Disassembly of the `Code:` dump confirms the faulting `<0f> 0b` (ud2)
corresponds to the `test ah, 0x02` instruction, which tests bit 9 of
`wb_flags` — i.e. `PG_WB_END`.

### The stale flag

RAX contains `wb_flags` at the point of the WARN. Across the 13
affected instances, two values are observed:

- `RAX=0x204` → `PG_CLEAN(2)` + `PG_WB_END(9)` — observed on 10 instances
- `RAX=0x205` → `PG_BUSY(0)` + `PG_CLEAN(2)` + `PG_WB_END(9)` — observed on 3 instances

Both values have `PG_WB_END` (bit 9) set. The difference is whether
`PG_BUSY` (the request lock bit) has been cleared yet — reflecting two
slightly different timing snapshots of the same race.

### Why PG_WB_END should not be set here?

`PG_WB_END` is a page-group synchronisation flag used via
`nfs_page_group_sync_on_bit(req, PG_WB_END)` in `nfs_write_completion()`
(the write path). In the normal read path, `PG_WB_END` should never be
set. The read path uses `PG_UPTODATE` (via `nfs_page_group_set_uptodate()`)
and `PG_UNLOCKPAGE` (via `nfs_readpage_release()`), but not `PG_WB_END`.

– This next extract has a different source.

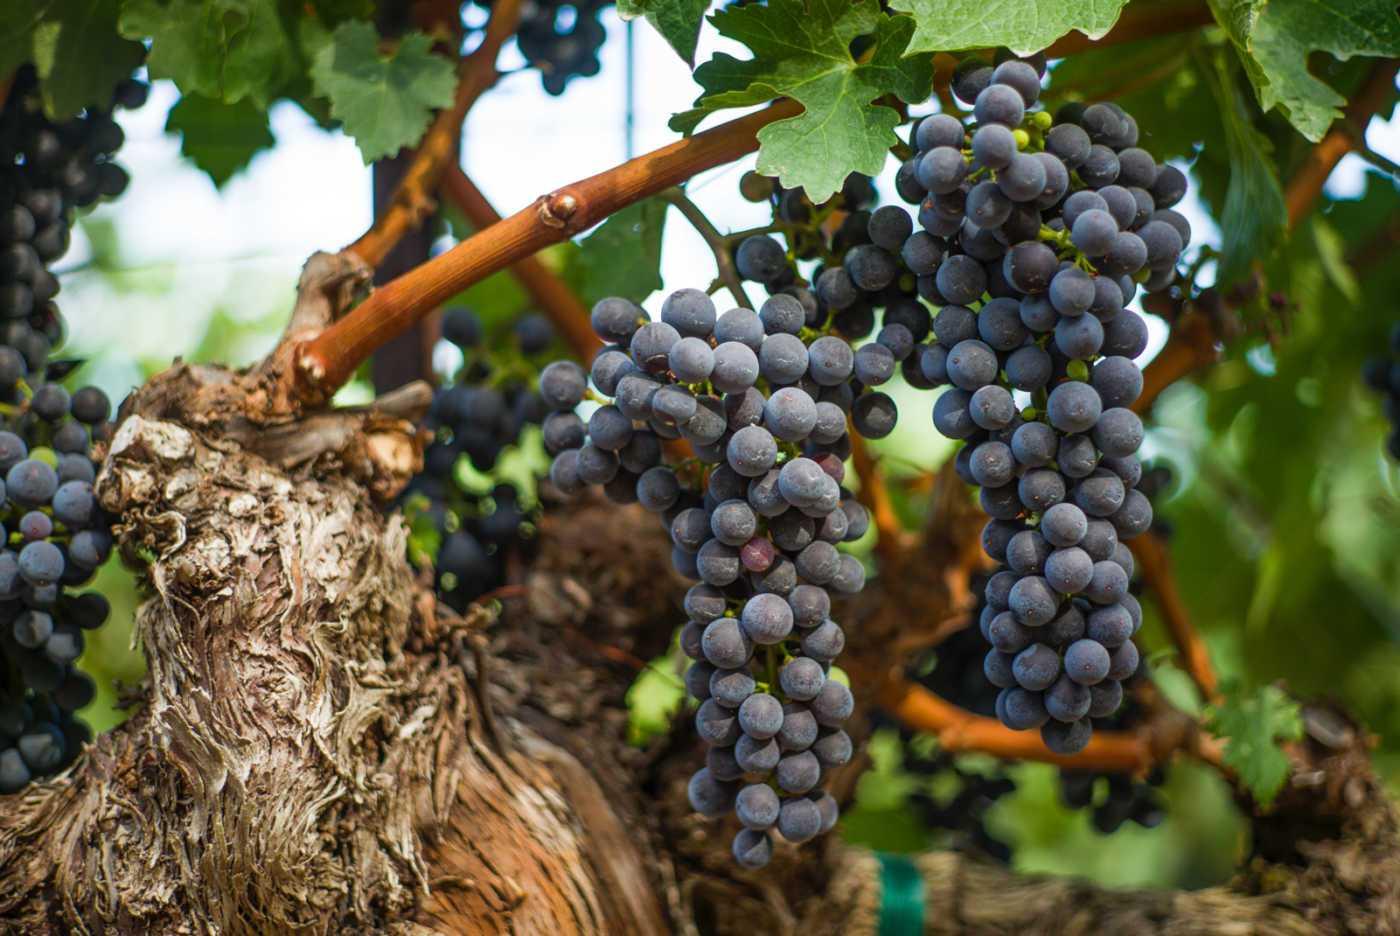 heimark grapes

I suspect the cachefiles/netfs integration may be involved? In the
re-export proxy configuration, when the NFS client reads from the source
filer with FS-Cache enabled, the netfs layer also writes the read data
to the cachefiles backing store. This creates a hybrid read+write
lifecycle for the pages involved. It is possible that the cache
write-back path sets `PG_WB_END` on page group members during what the
NFS client considers a read operation, and the flag is not properly
cleared before the read completion tears down the page group.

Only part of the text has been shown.